Malawi

Die Aktivitäten von Ärzte ohne Grenzen im Überblick

Malawi ist überwiegend abhängig von internationaler Gesundheitshilfe. 70 Prozent der allgemeinen medizinischen Dienste und 99 Prozent der antiretroviralen Behandlung werden durch externe Geldgeber finanziert.
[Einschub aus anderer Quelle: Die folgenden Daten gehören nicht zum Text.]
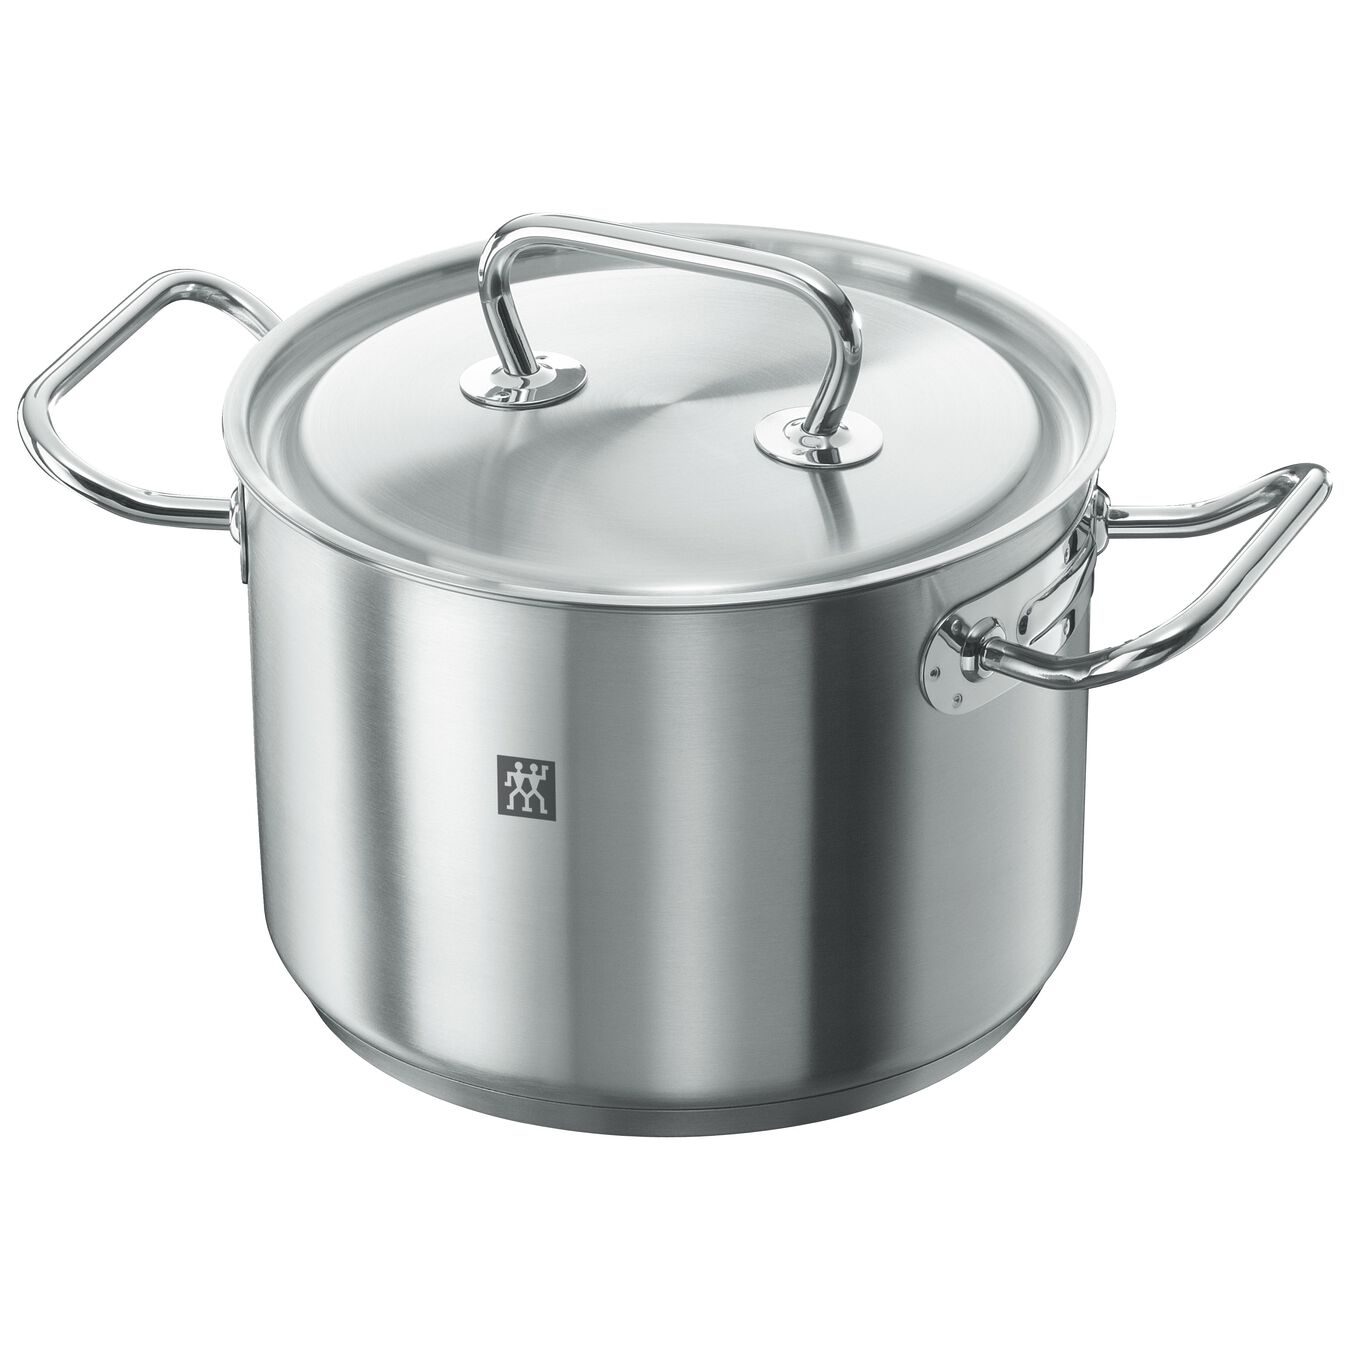 Ensemble de casseroles 4-pcs, Inox 18/10,,large 10
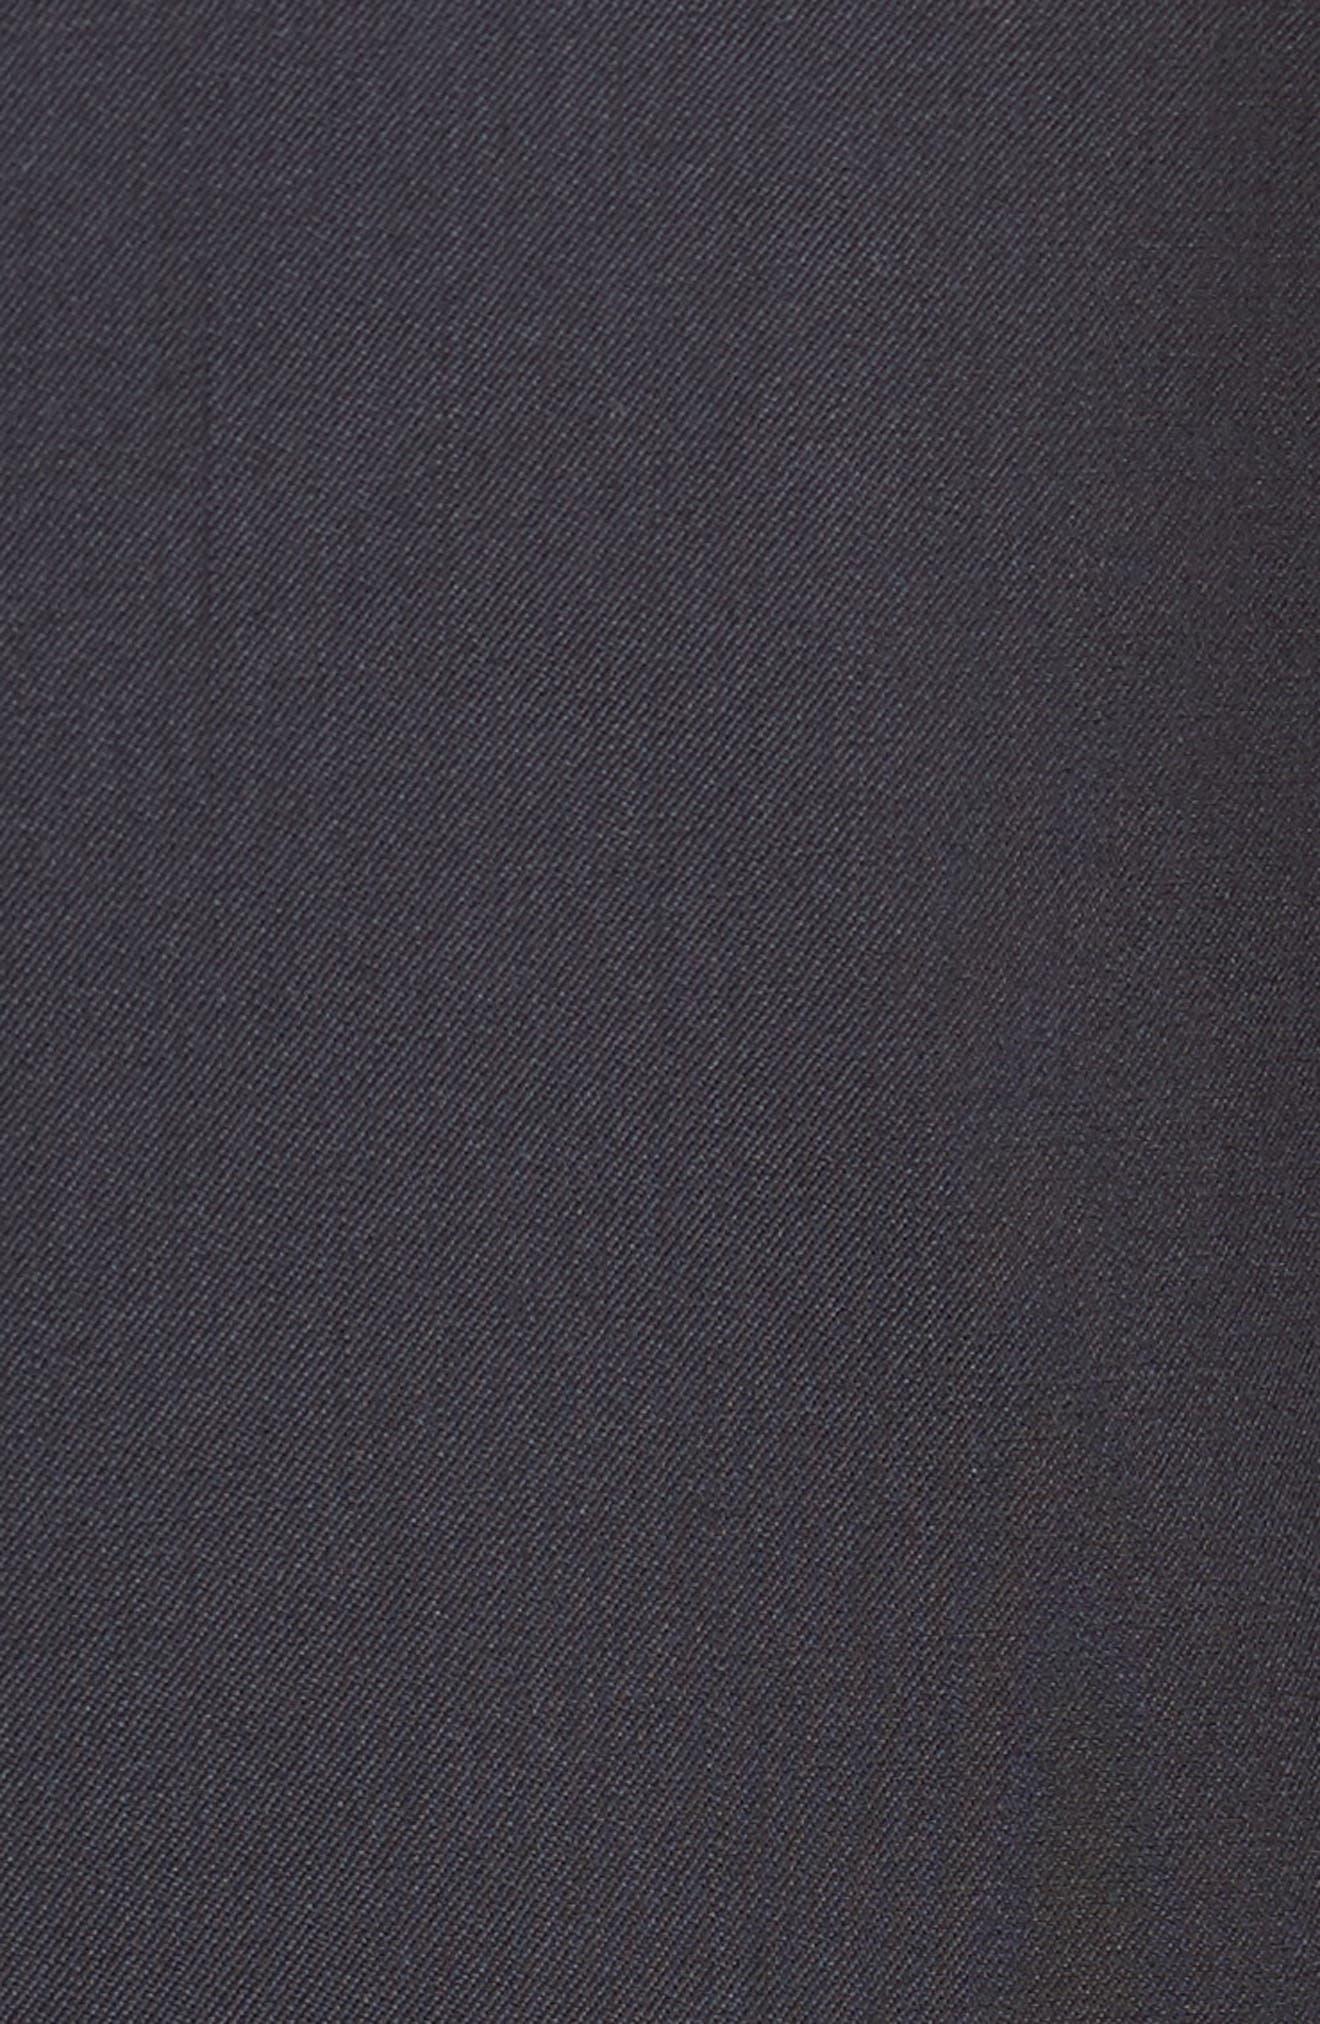 Trim Fit Solid Wool Suit,                             Alternate thumbnail 21, color,

Die Aktivitäten im Einzelnen (Auszug)

  • Malawis HIV-Raten gehören zu den zehn höchsten der Welt. Es wird geschätzt, dass etwa jeder zehnte Bewohner infiziert ist. Das Gesundheitssystem ist chronisch unterfinanziert, und es gibt einen Engpass an qualifizierten Fachkräften. So sind 61 Prozent der klinischen Stellen unbesetzt. Ärzte ohne Grenzen unterstützt daher seit Jahren die HIV-Bekämpfung, indem die Patientenversorgung verbessert wird. Darüber hinaus wird das bestehende Gesundheitssystem durch Training von Personal und technische Unterstützung, durch innovative und fortschrittliche Behandlungsmodelle sowie durch operationale Forschung gestärkt.
  • Das HIV-Programm im Bezirk Chiradzulu, das an zehn Gesundheitszentren dezentralisiert wurde, versorgte 2013 mehr als 28.000 Patienten mit antiretroviralen Medikamenten. Mitte des Jahres wurde dank eines Zuschusses von UNITAID ein erster Vor-Ort-Viruslasttest in einer ländlichen Klinik eingeführt. Dieser Test misst die Anzahl der HI-Viren im Blut. Sie nehmen zu, wenn die Medikamente der ersten Therapielinie nicht mehr wirken. Wenn dies festgestellt wird, können Patienten auf andere Arzneimittel umgestellt werden.
  • Eine Studie von Ärzte ohne Grenzen in Chiradzulu ergab, dass 65,8 Prozent der Menschen, die antiretrovirale Medikamente benötigen, sie erhalten. Eine bevölkerungsbezogene Untersuchung zeigte, dass es zudem nur eine niedrige Neuerkrankungsrate von 0,4 Prozent gab. Das bedeutet, dass die umfassende Verteilung von HIV-Medikamenten wichtig war für die Verringerung der HIV-Übertragung.
  • Seit 2010 hat Ärzte ohne Grenzen die Gesundheitseinrichtungen in den Bezirken Nsanje und Chikhwawa, die ganz im Süden des Landes liegen, verbessert. 2013 zog sich das Team aus Chikhwawa zurück und weitete die Aktivitäten in Nsanje aus. Die Mitarbeiter konzentrierten sich dabei auf bestimmte Risikogruppen. Eine frühe Behandlung wurde insbesondere für Sexarbeiter und Paare, bei denen nur eine Person HIV-positiv ist, sowie für HIV-positive stillende Frauen ermöglicht. Die Vorbeugung der HIV-Übertragung von der Mutter auf das Kind wurde in alle 14 Kliniken integriert. 50 Gesundheitsarbeiter wurden als Mentoren an 14 Stellen eingesetzt. 88 Prozent von ihnen hatten zuvor ein Mentorenprogramm durchlaufen.
  • Die geplante Übergabe der einfachen HIV-Behandlung in Thyolo wurde 2013 abgeschlossen. Ein Großteil der HIV-Angebote wird nun durch das Gesundheitsministerium geleistet. Ärzte ohne Grenzen bleibt aber in Thyolo, um operationale Forschung zu betreiben, die Ausweitung der antiretroviralen Behandlungsgruppen auf Dorfebene zu unterstützen sowie technische und klinische Unterstützung für Menschen zu leisten, die eine fortgeschrittene oder spezielle HIV-Versorgung benötigen.
  • Zum Jahresende 2013 hatten 49 Studenten das Stipendium von Ärzte ohne Grenzen für ländliche Gesundheitskräfte erhalten. Mit diesem Programm geht Ärzte ohne Grenzen den Mangel an Gesundheitskräften im personell unterbesetzten und schwer erreichbaren Gebiet von Thyolo an. In den Bezirken Nsanje und Chikhwawa stellt Ärzte ohne Grenzen lokale Studenten an und zahlt ihre Ausbildung als mittlere Gesundheitsarbeiter. Im Gegenzug verpflichten sich die Studenten, in ihren Heimatgebieten mindestens fünf Jahre lang für das Gesundheitsministerium zu arbeiten.

Ärzte ohne Grenzen arbeitete erstmals 1986 in Malawi.